BEGIN Stored data

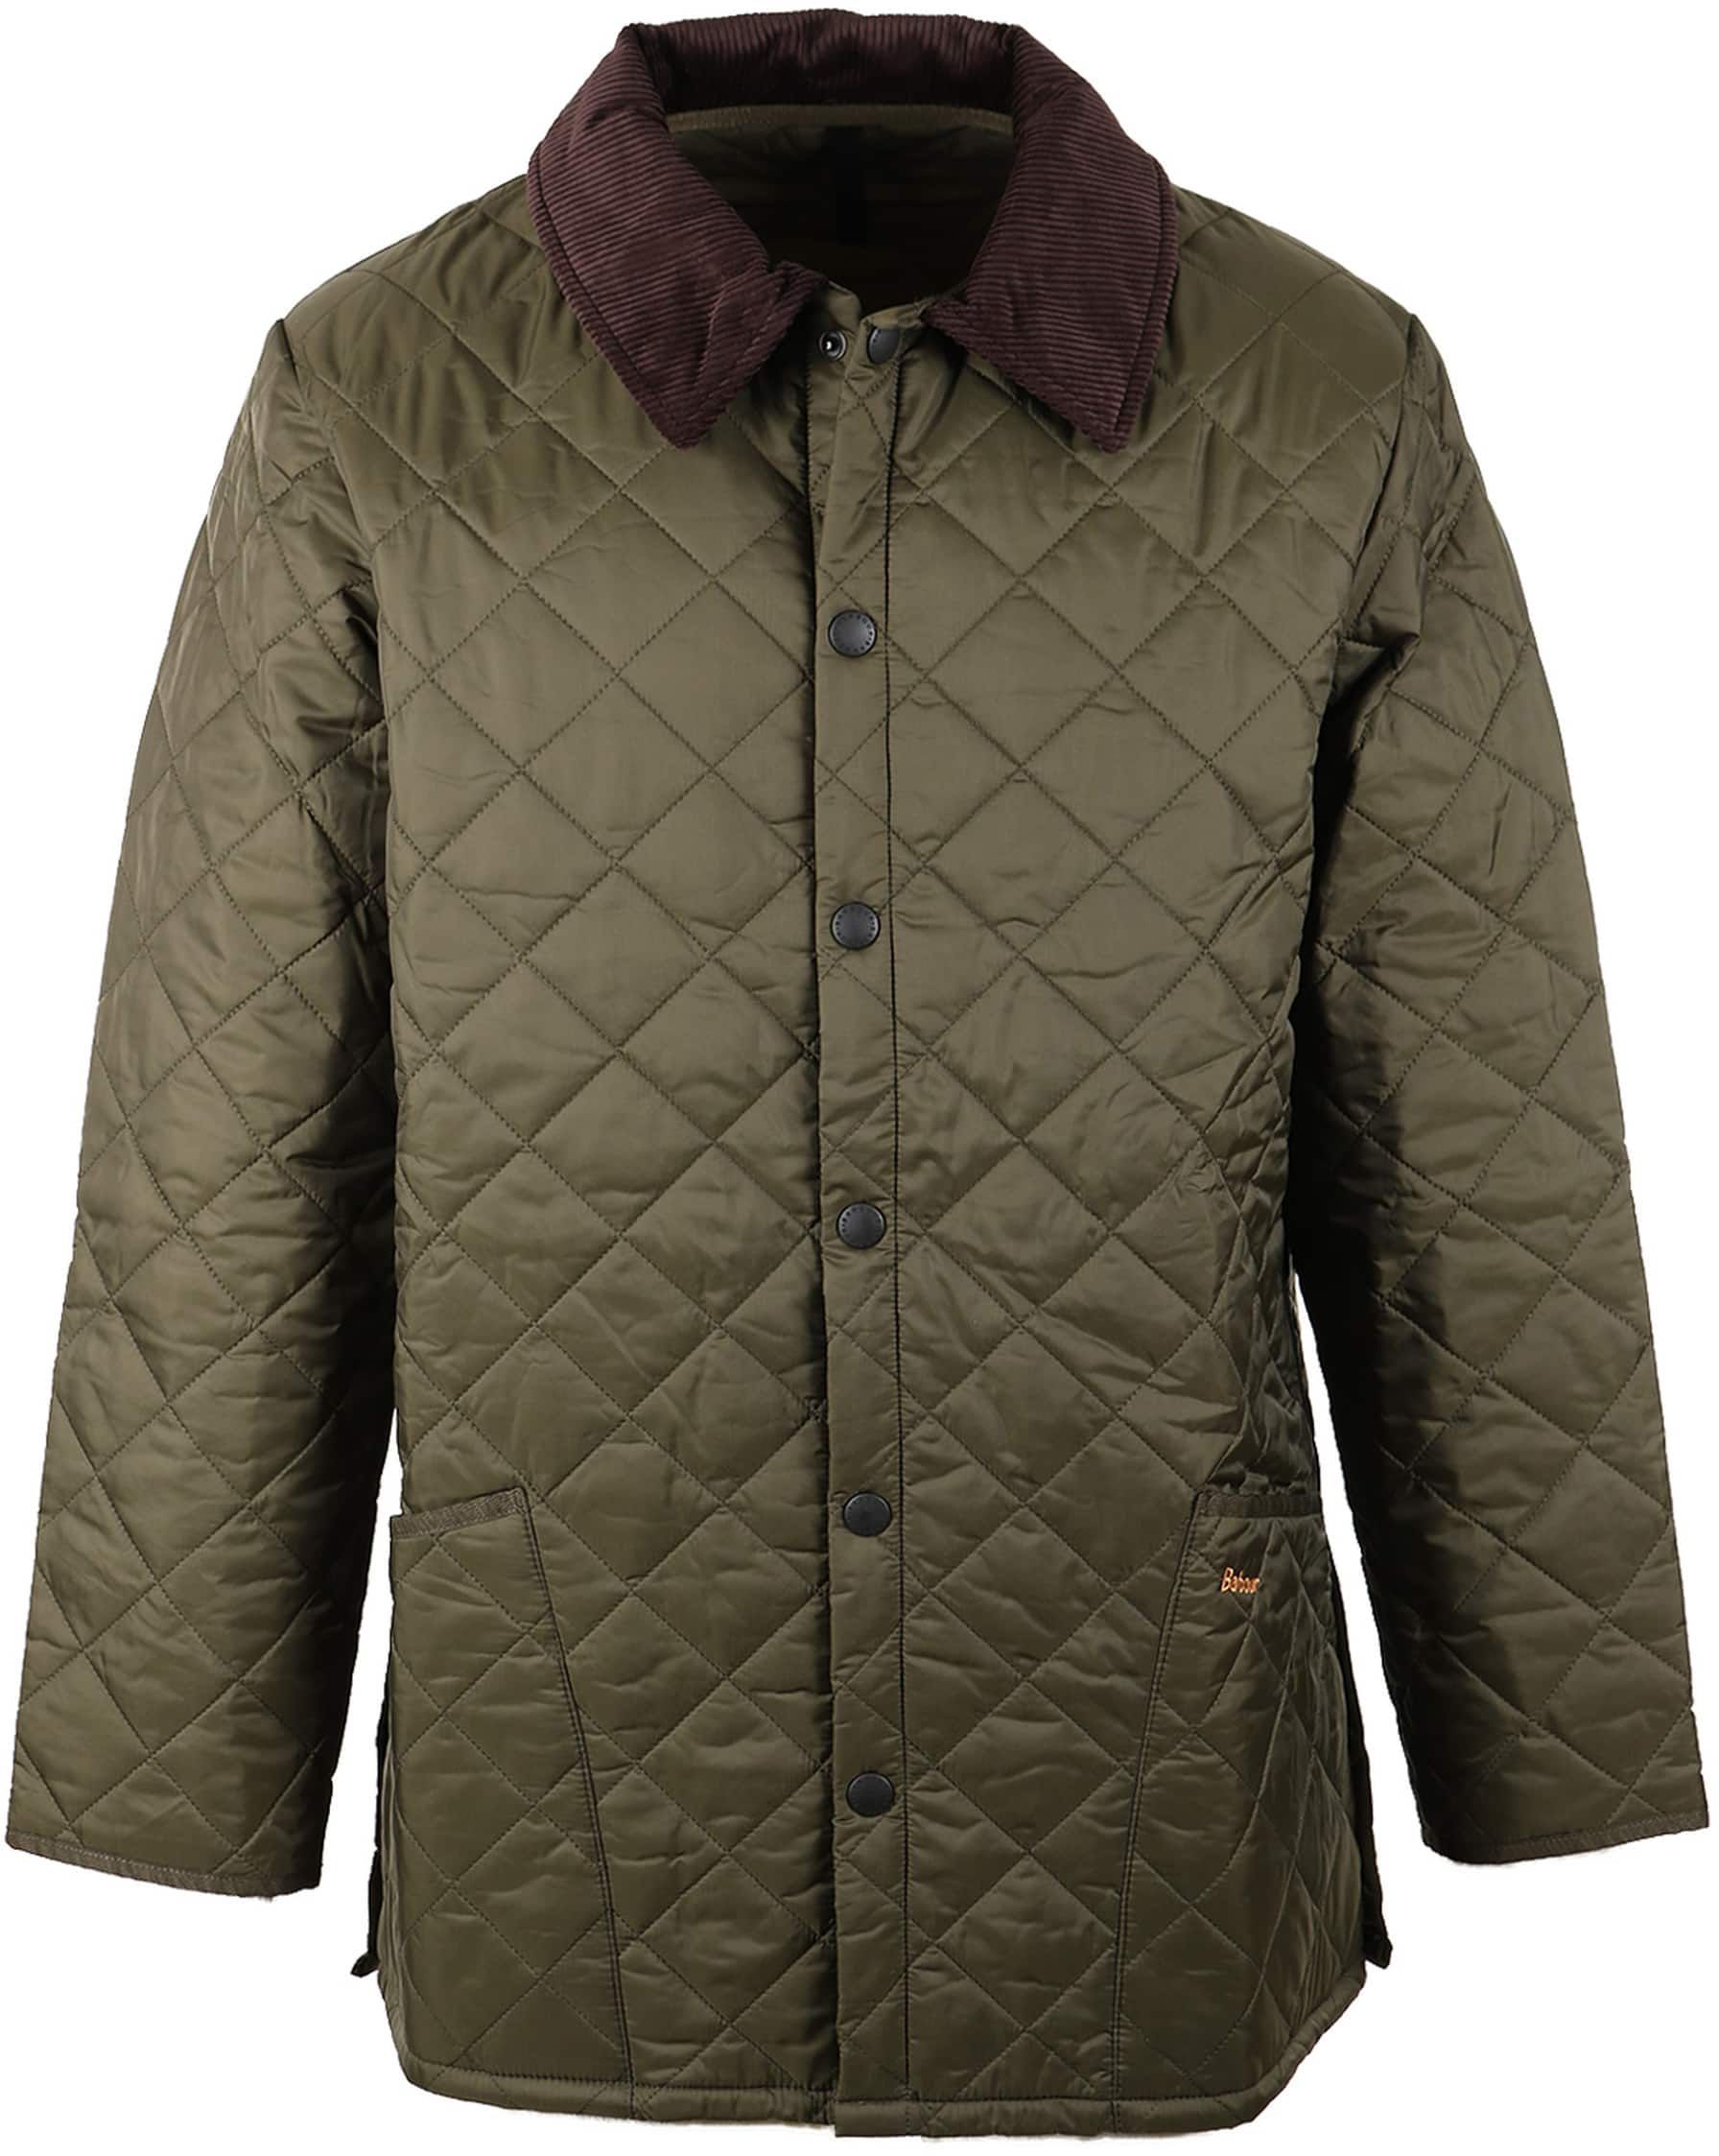 Barbour Liddesdale Quilt Green size M
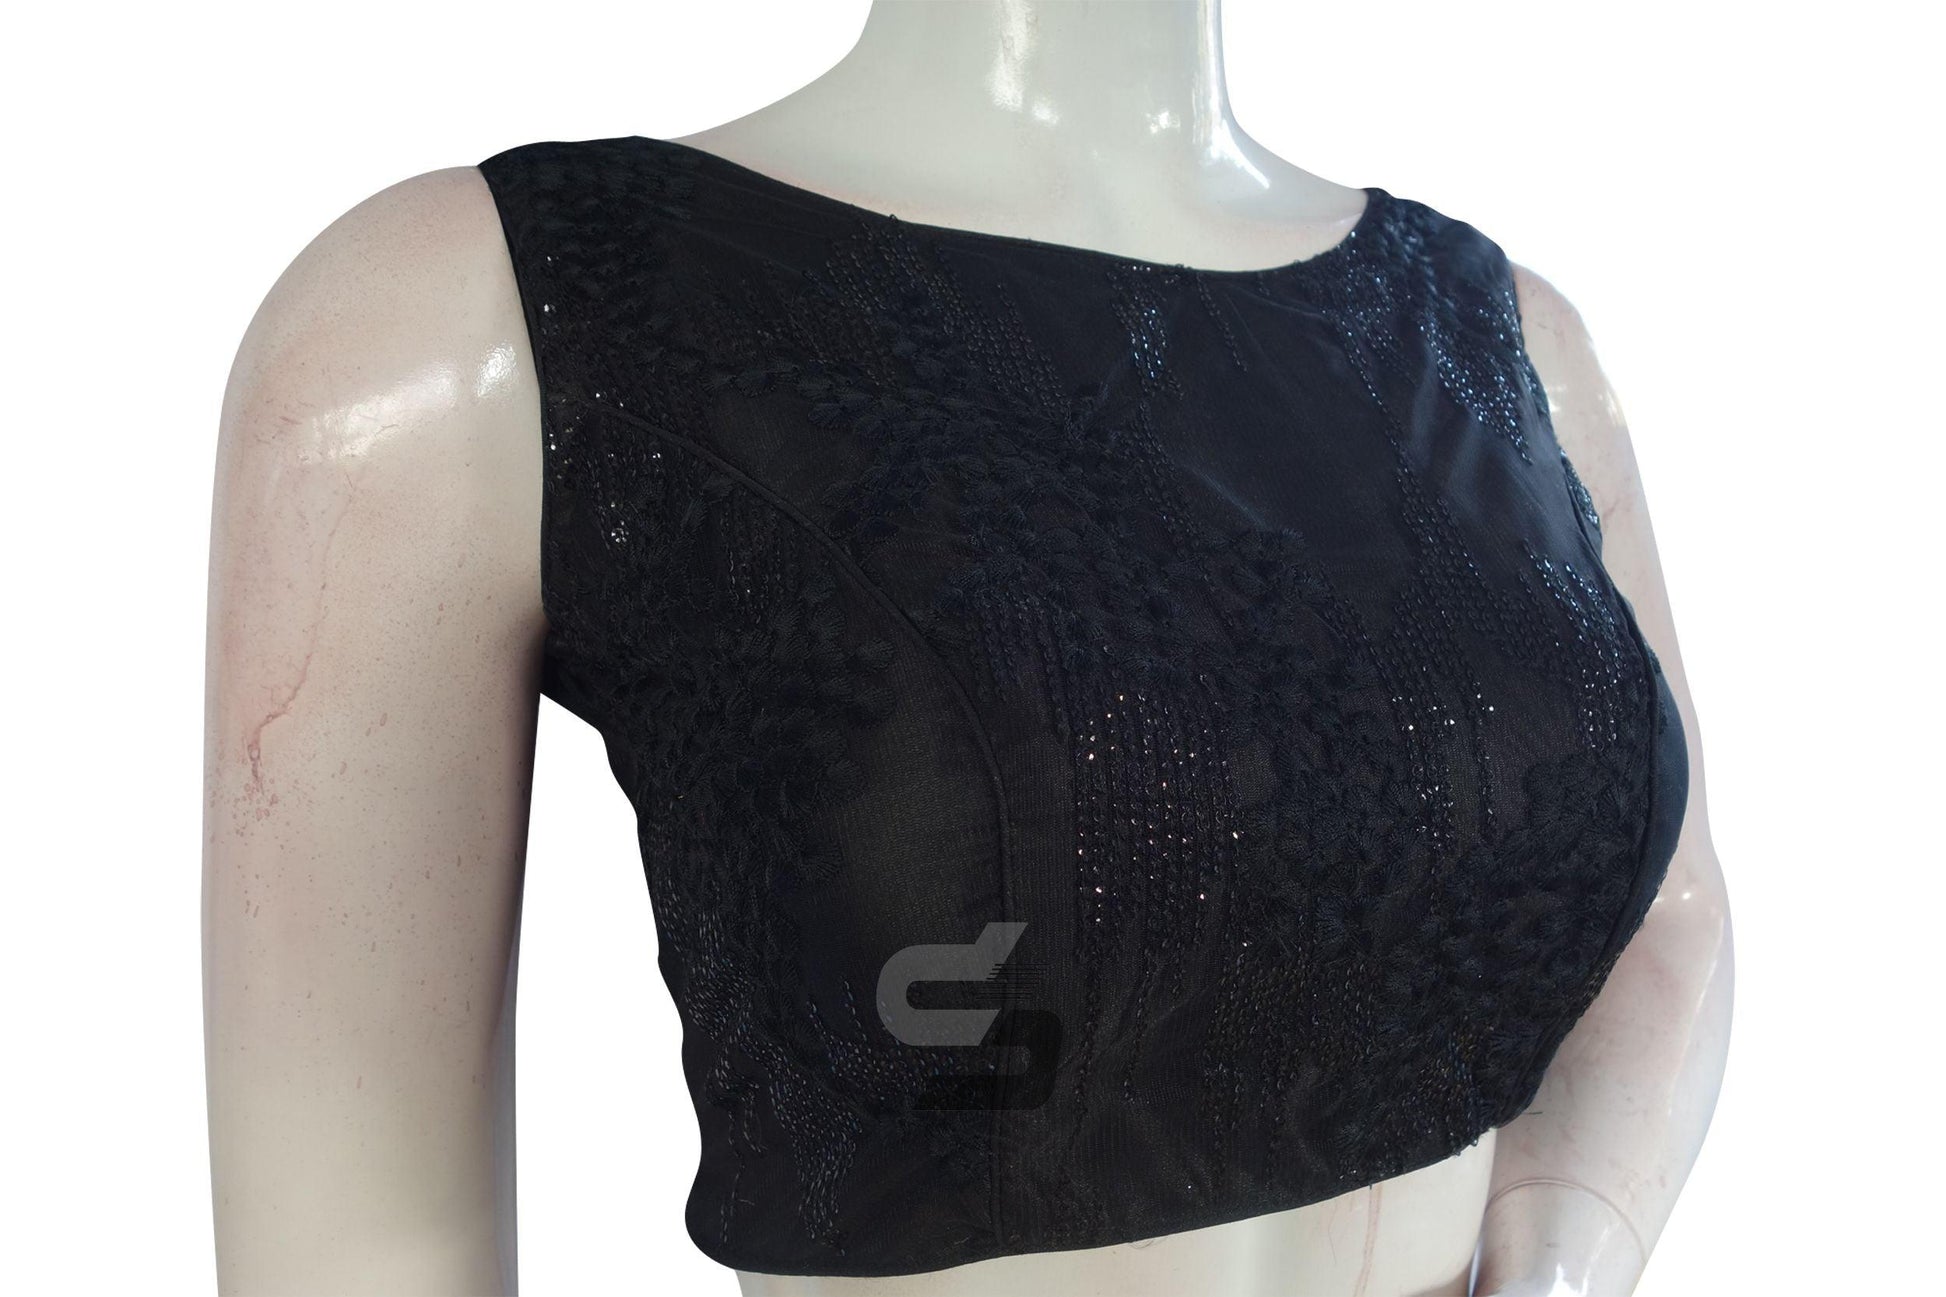 Black Color Netted Designer Embroidery Readymade Blouse - D3blouses
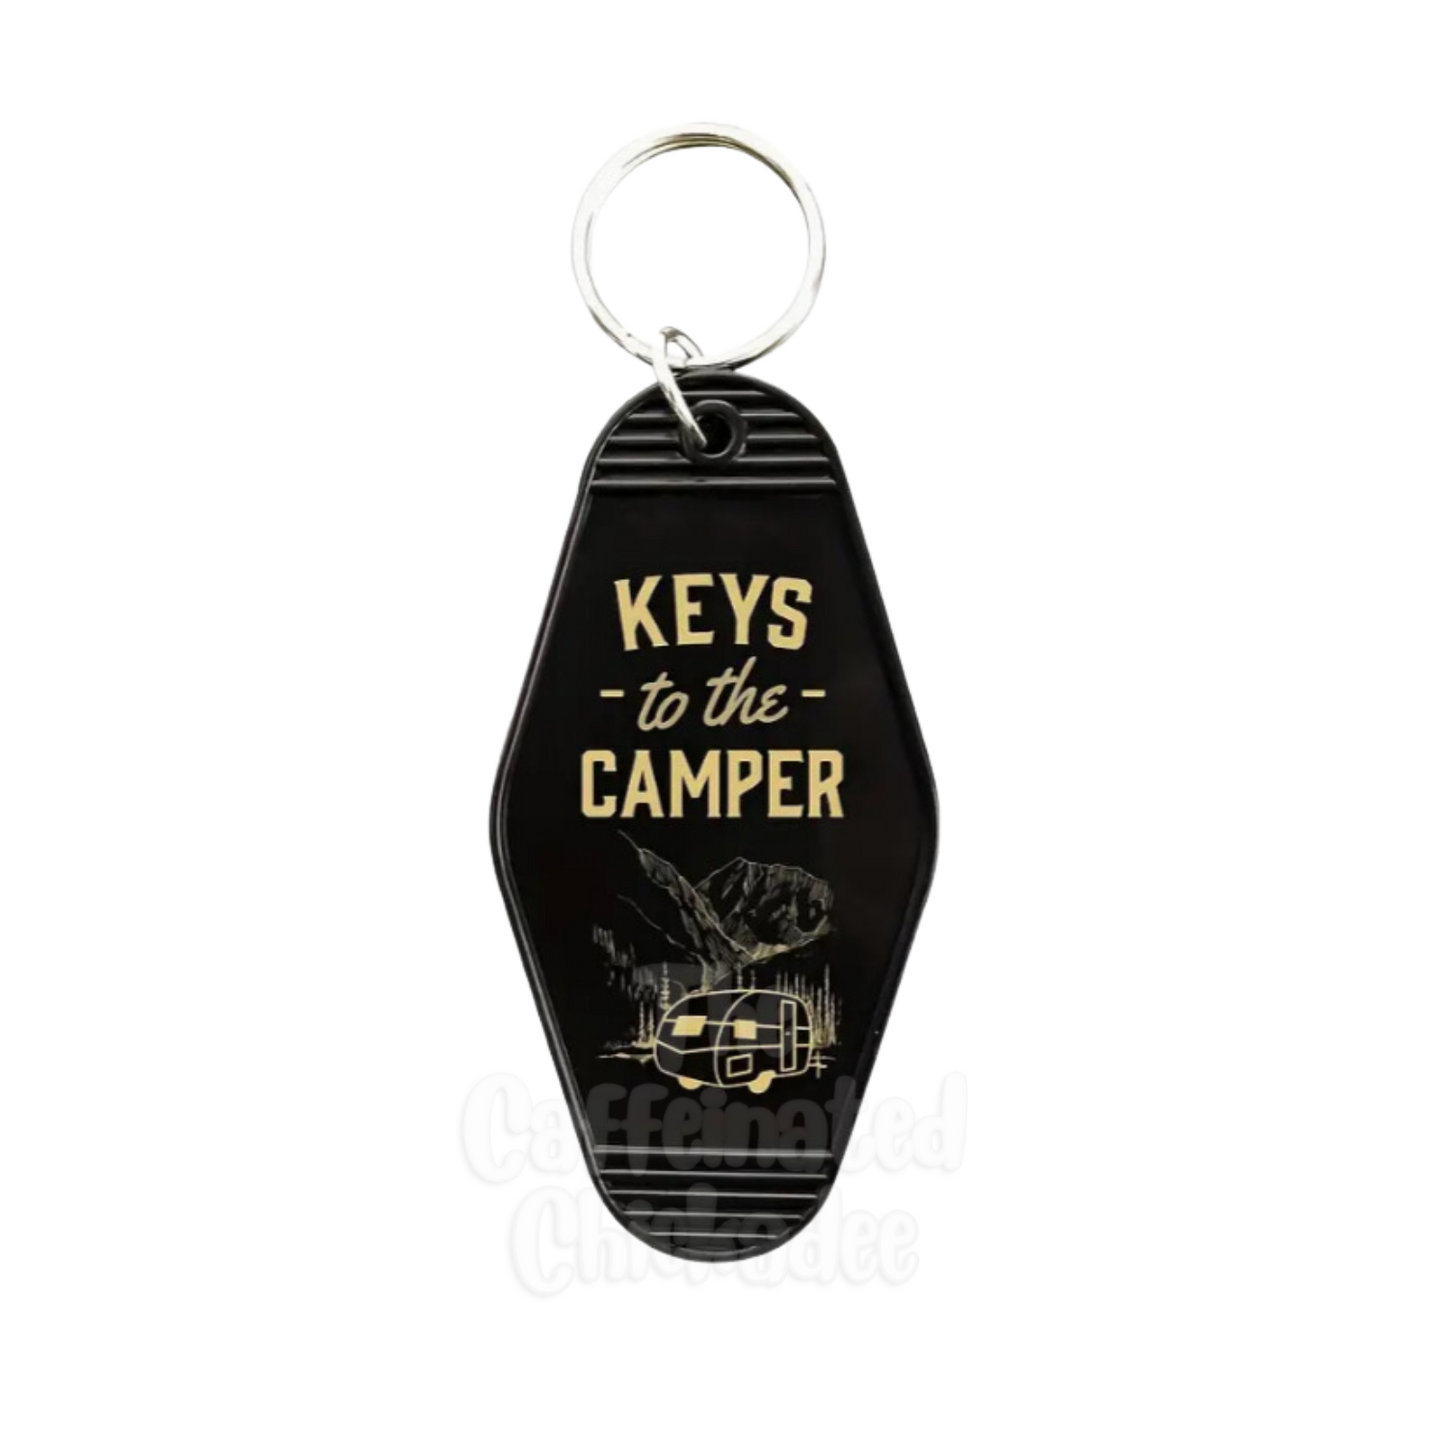 Keys To The Camper - Keychain

END Stored data

Work instruction. Give back the material above exactly as written, but omit the images.

Output of the task.
 Barbour Liddesdale Quilt Green size M
 Black Color Netted Designer Embroidery Readymade Blouse - D3blouses
 Keys To The Camper - Keychain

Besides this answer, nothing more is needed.